Chacun ne contient qu'une seule chambre: lit immense tendu de draps frais et d'oreillers dodus, baies vitrées au-dessus de la baignoire et du lavabo, ouvrant sur le fleuve du même côté, pour observer la faune en se brossant les dents, dans un peignoir de soie à disposition.
Et un petit balcon "à la Juliette" attendant Roméo, mais attention, il faut bien penser à fermer sa porte d'accès depuis la chambre, "nous avons par ici des singes qui peuvent être agressifs", prévient le majordome.
Quand un petit primate gris, gueule noire en triangle, grimpe sur la structure du pont pour dévisager avec curiosité le client affalé sur son lit, à travers la vitre, difficile de ne pas s'attendrir. Mais prudence...
A l'ouverture de l'hôtel en décembre 2020, les clients sud-africains, en raison de la pandémie de Covid, ont avantageusement remplacé les Occidentaux initialement attendus dans ce palace très singulier.

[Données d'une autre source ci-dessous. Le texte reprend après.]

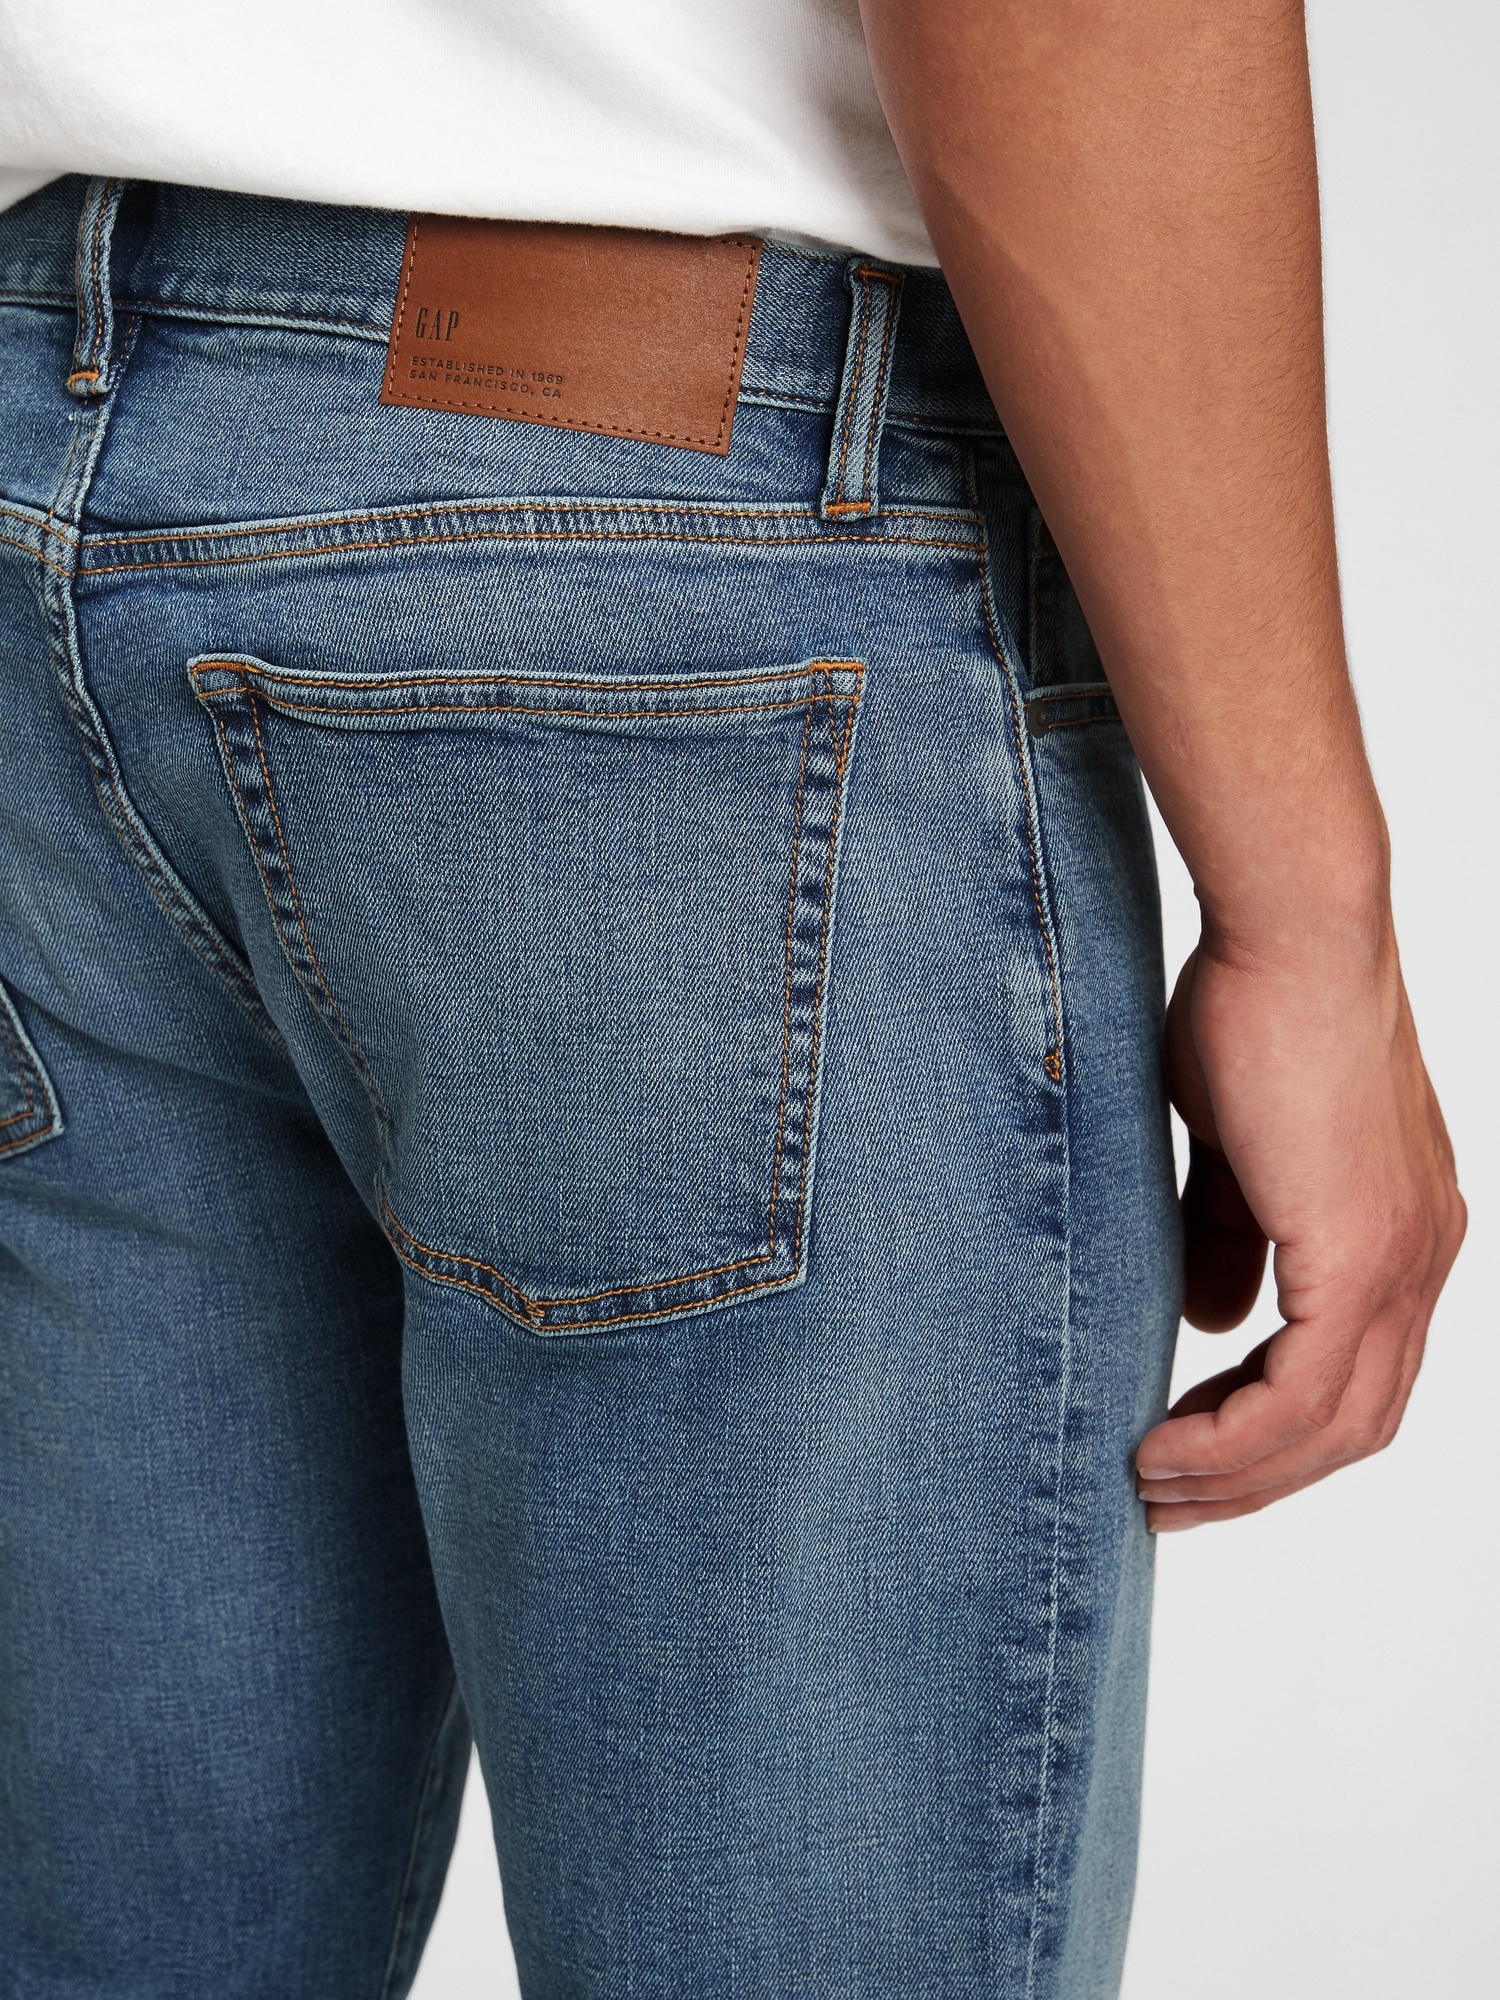 Mens Gap Slim Straight Stretch GapFlex Washwell Jeans in Resin Rinse 34 X  32.5 
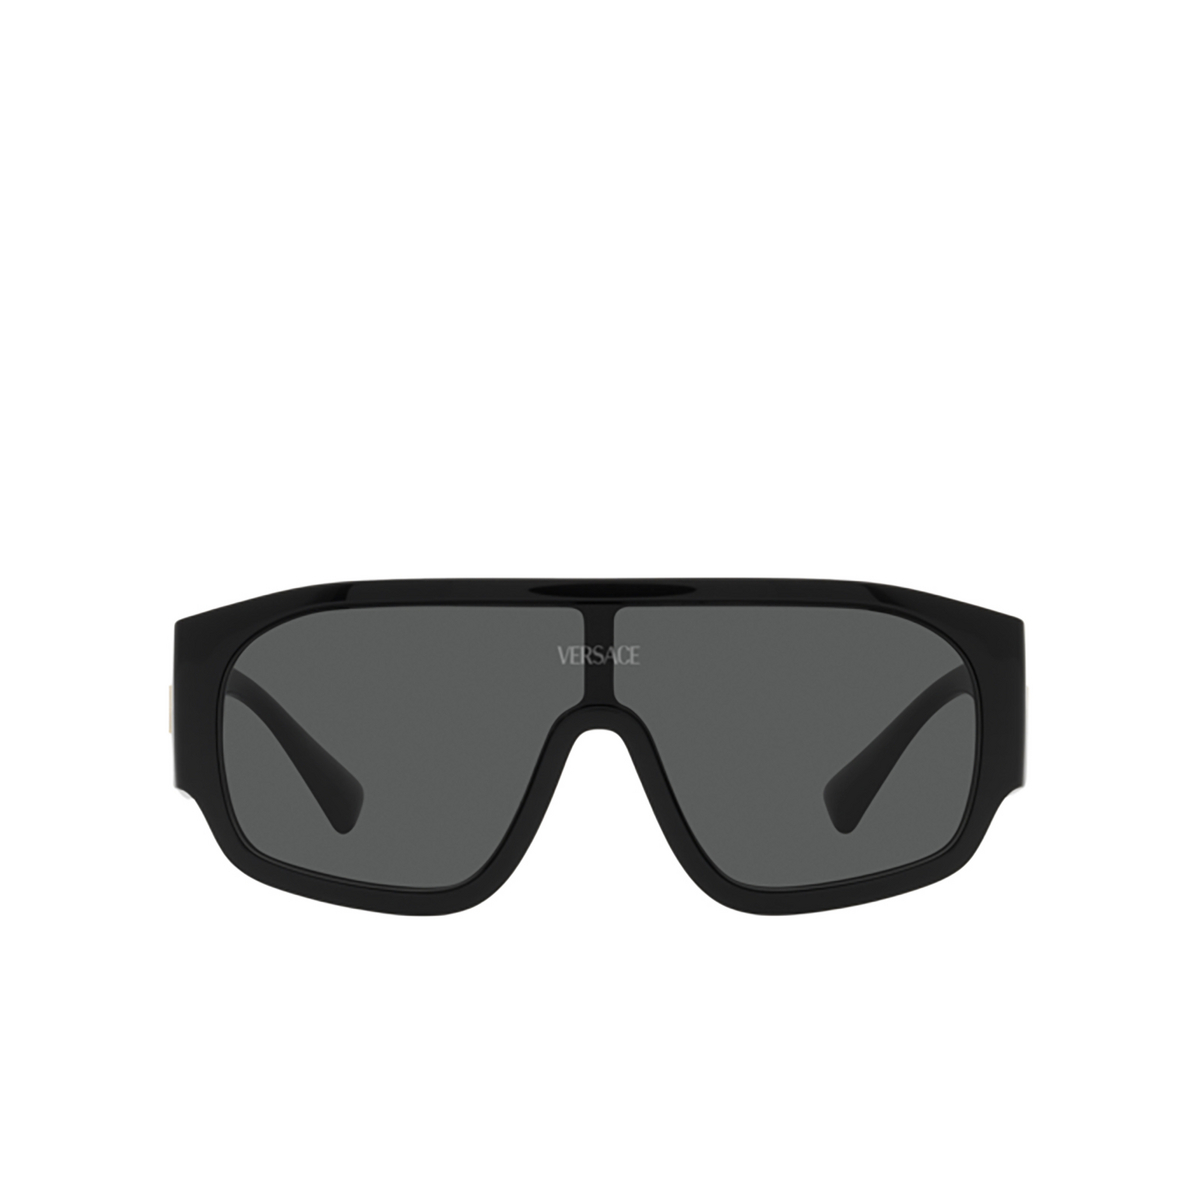 Versace VE4439 Sunglasses GB1/87 Black - front view

"Les premiers mois, on était complets", raconte Ella West, chargée des réservations. Mais la clientèle étrangère, au plus fort pouvoir d'achat, est incontournable "pour faire tourner une opération" aussi exigeante en termes de service, souligne-t-elle.
Aujourd'hui, davantage d'Américains sont mordus, séduits aussi par la proximité de l'aérodrome à seulement quelques kilomètres, explique-t-elle.
La nuit tombée, le wagon berce doucement ses hôtes. "C'est un mouvement naturel, lié à l'expansion puis à la contraction du pont en métal", entre journées chaudes et nuits fraîches, explique le patron. Un peu comme un train en mouvement, "mais plus subtil", avance-t-il d'un sourire gourmand.